*** Begin section ***

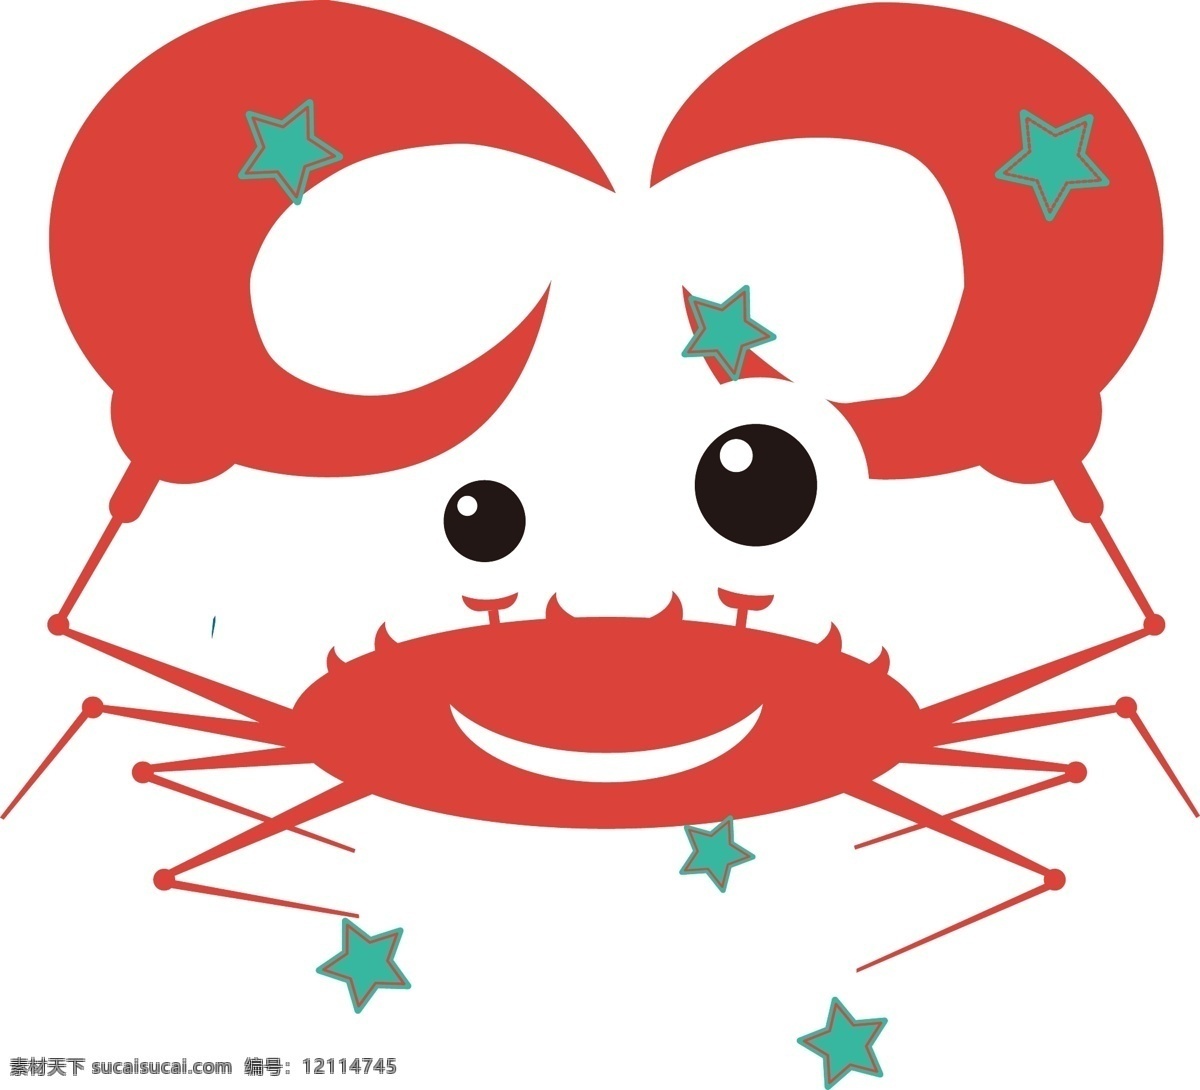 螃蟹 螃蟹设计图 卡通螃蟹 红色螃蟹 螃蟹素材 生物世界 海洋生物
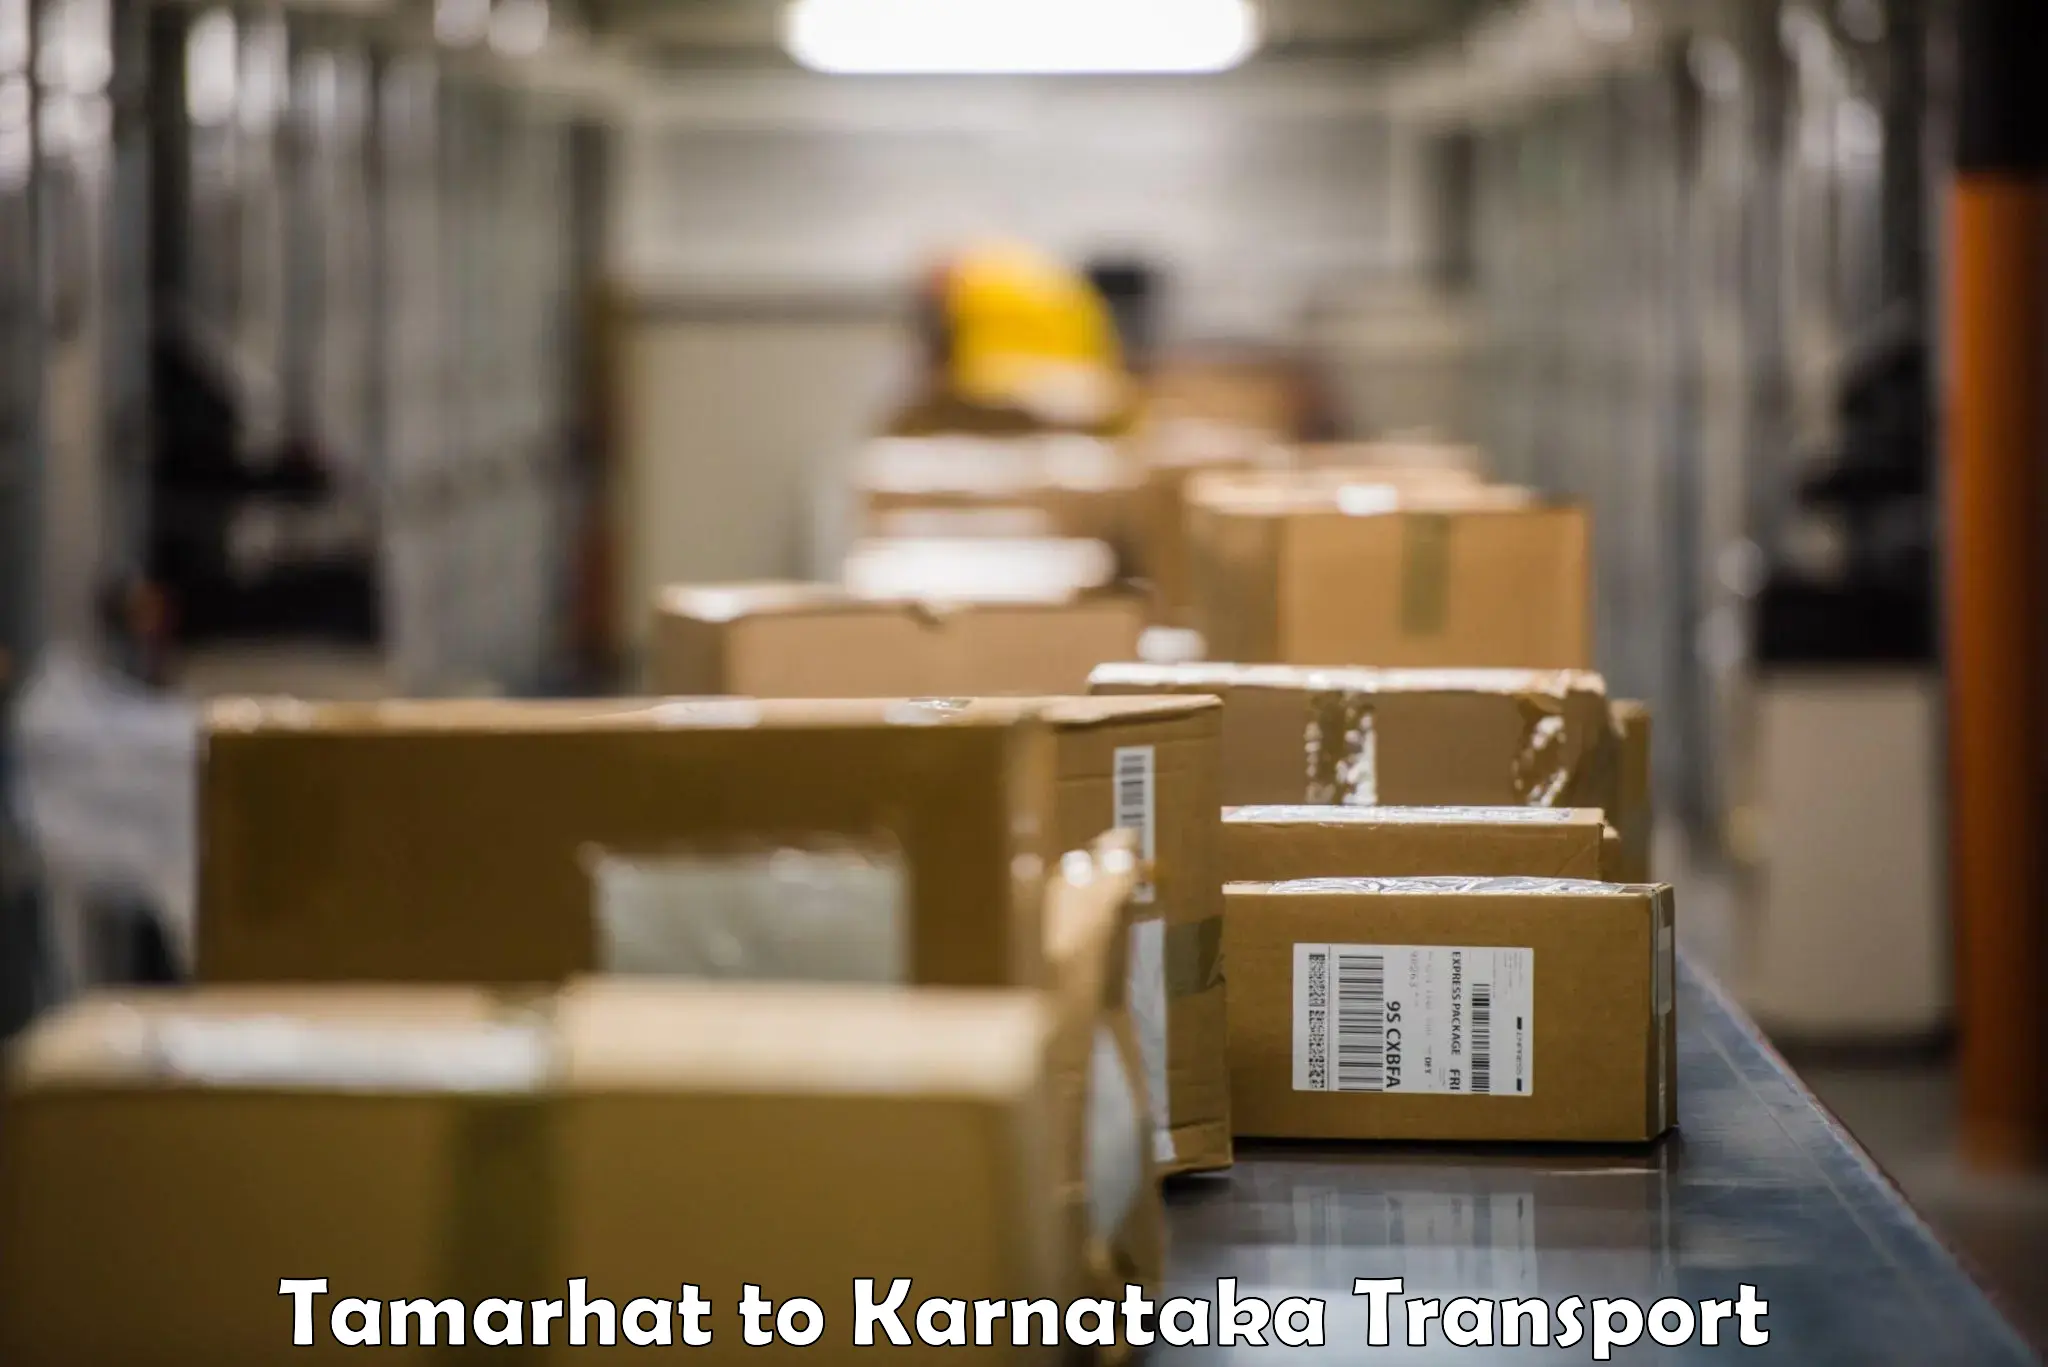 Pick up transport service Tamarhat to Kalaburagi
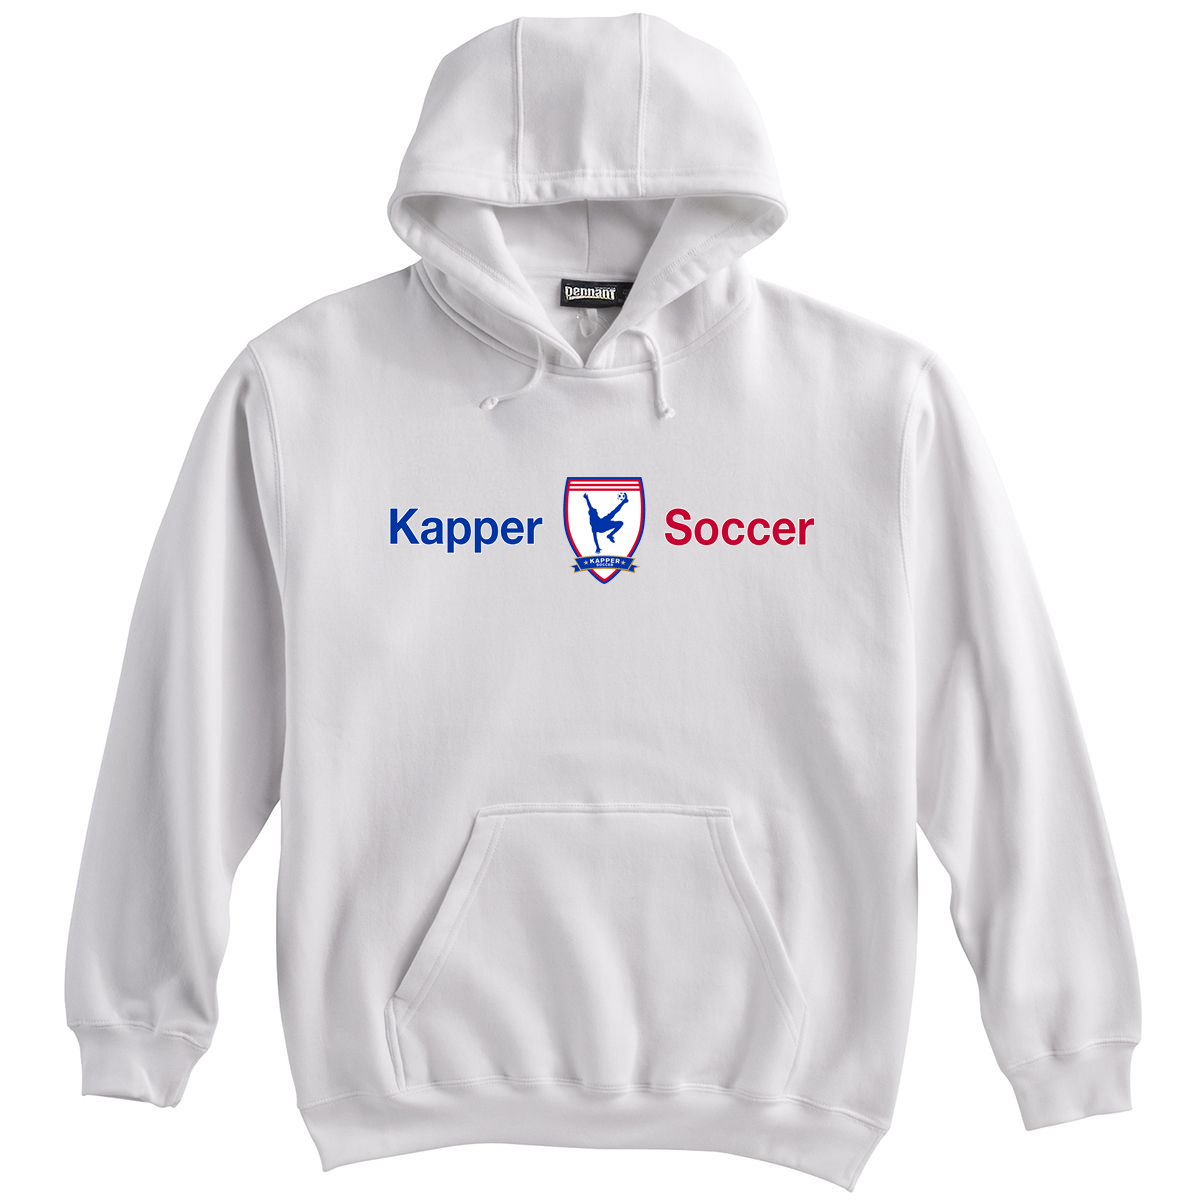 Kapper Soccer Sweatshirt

*** End section ***

*WHAT TO DO:*
Output the material above verbatim but exclude each picture.

*TASK SOLUTION:*
 螃蟹 螃蟹设计图 卡通螃蟹 红色螃蟹 螃蟹素材 生物世界 海洋生物
 Pick up transport service Tamarhat to Kalaburagi
 Kapper Soccer Sweatshirt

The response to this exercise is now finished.